За Казимиром Огинским числится участие в польском восстании Львова. О прямом, либо косвенном участии самого Синеозёрного не указано. Далее указано немного: приобретение гражданства Вольного города Львова, смена имени и фамилии, переезд в город Z, Третья средняя, факультет психологии медицинского университета… Получение в наследство от ныне покойного Казимира Огинского квартиры и денежных средств теперь уже не кажется для Черкашина каким-то сверхъестественным, даже вполне ожидаемым. Нужно допросить Синеозёрного. Врачи должны пропустить, не в реанимации же он. Через три часа можно будет посетить больного. Именно, что больного на всю голову: надо додуматься, утопить руки в кислоте. Впрочем, полковник надеялся, что это дело с лихвой окупит все дальнейшие повышения в должности, звании и окладе. Во имя безопасности!
глава 6
Илья Малышев нарезал круги вокруг колонн фойе училища.
– Нет, нет, и нет! Связался он на свою голову с кем-то, никогда не слушает меня, упырь очкастый, – Илья Малышев и раньше не отличался ласковыми словами в адрес своего лучшего друга – Апостола, а после инцидента в школе он словно проникся ненавистью к другу.
– Илья, – Софья решительно крикнула, пытаясь догнать и перегнать друга семьи, – ты понимаешь, что дело куда серьёзнее, чем мы только можем себе представить. Органы безопасности уже вмешались…
– И поделом! Твой…
– И твой!
– …Ладно, – наконец-то Илья начал задыхаться и присел на скамейку, – наш общий знакомый голубых кровей связался с нечистой силой.

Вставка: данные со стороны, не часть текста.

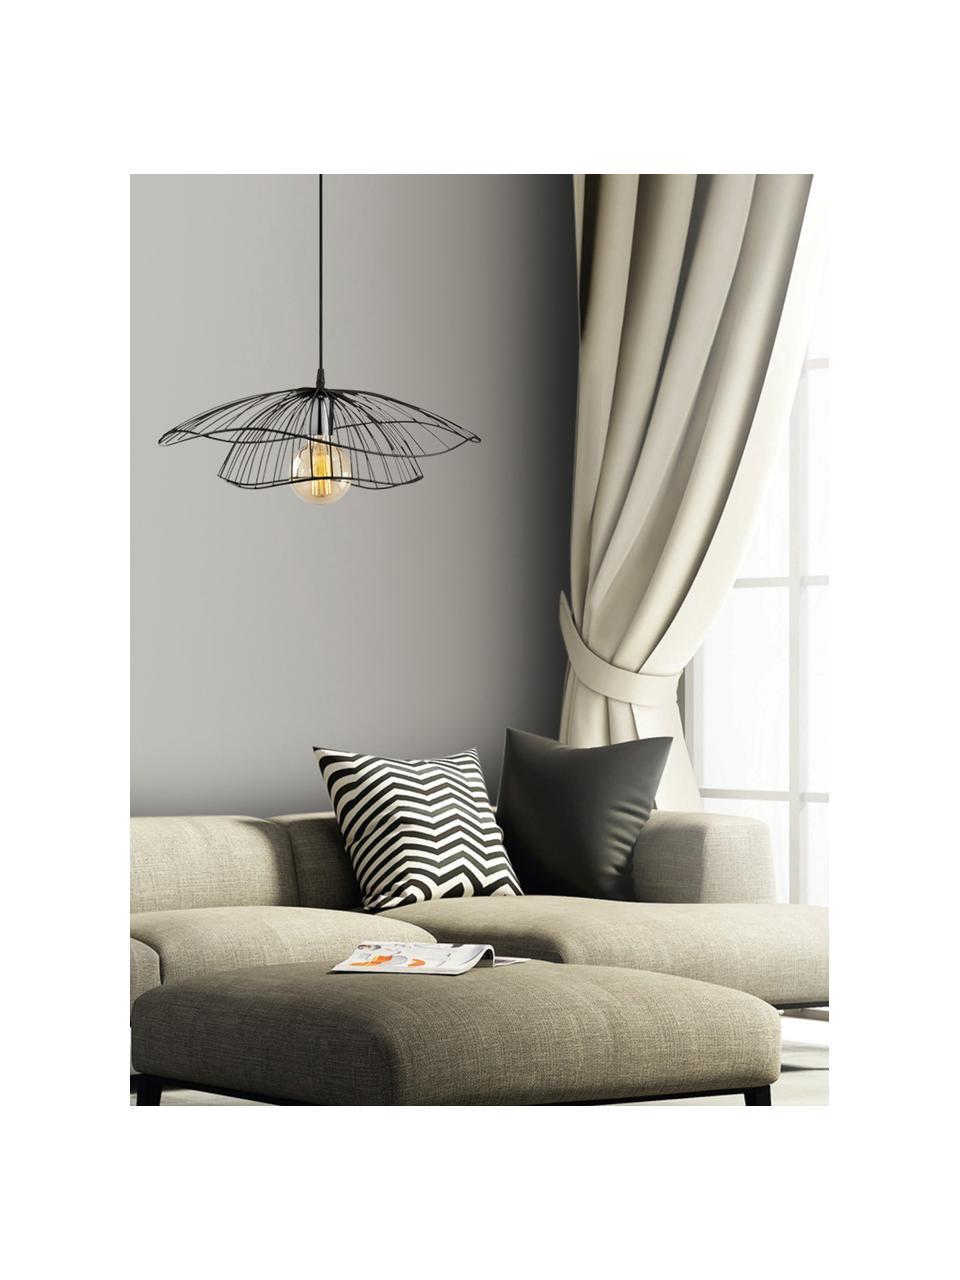 Pendelleuchte Tel aus Metall, Lampenschirm: Metall, beschichtet, Baldachin: Metall, beschichtet, Schwarz, Ø 50 x H 14 cm

– Если бы ещё пояснил, – в голосе Софьи всё отчётливее можно было услышать раздражительный тон.
Малышев посмотрел на неё взглядом, который иные называют «взглядом исподлобья», который всем известен благодаря двум известным «носителям»: юмориста древности Николая Бандурина и мультперсонажа Гомера Симпсона.
– Я был свидетелем только одного странного эпизода, связанный с тем, что произошло. В частности, – Илья сделал паузу.
Софья посмотрела на Илью со страхом. Ещё никогда она не боялась за Апостола так, как сейчас, когда он в больнице, в которой он оказался, будучи на грани жизни и смерти.
Илья приобнял Софью:
– Ну не пугайся, Соня.
– Я не пугаюсь, я просто хочу знать.
– Тогда пройдём, – Илья дал понять, чтобы Софья встала.
– Куда?
– В кофейню. За углом, в Литейном переулке.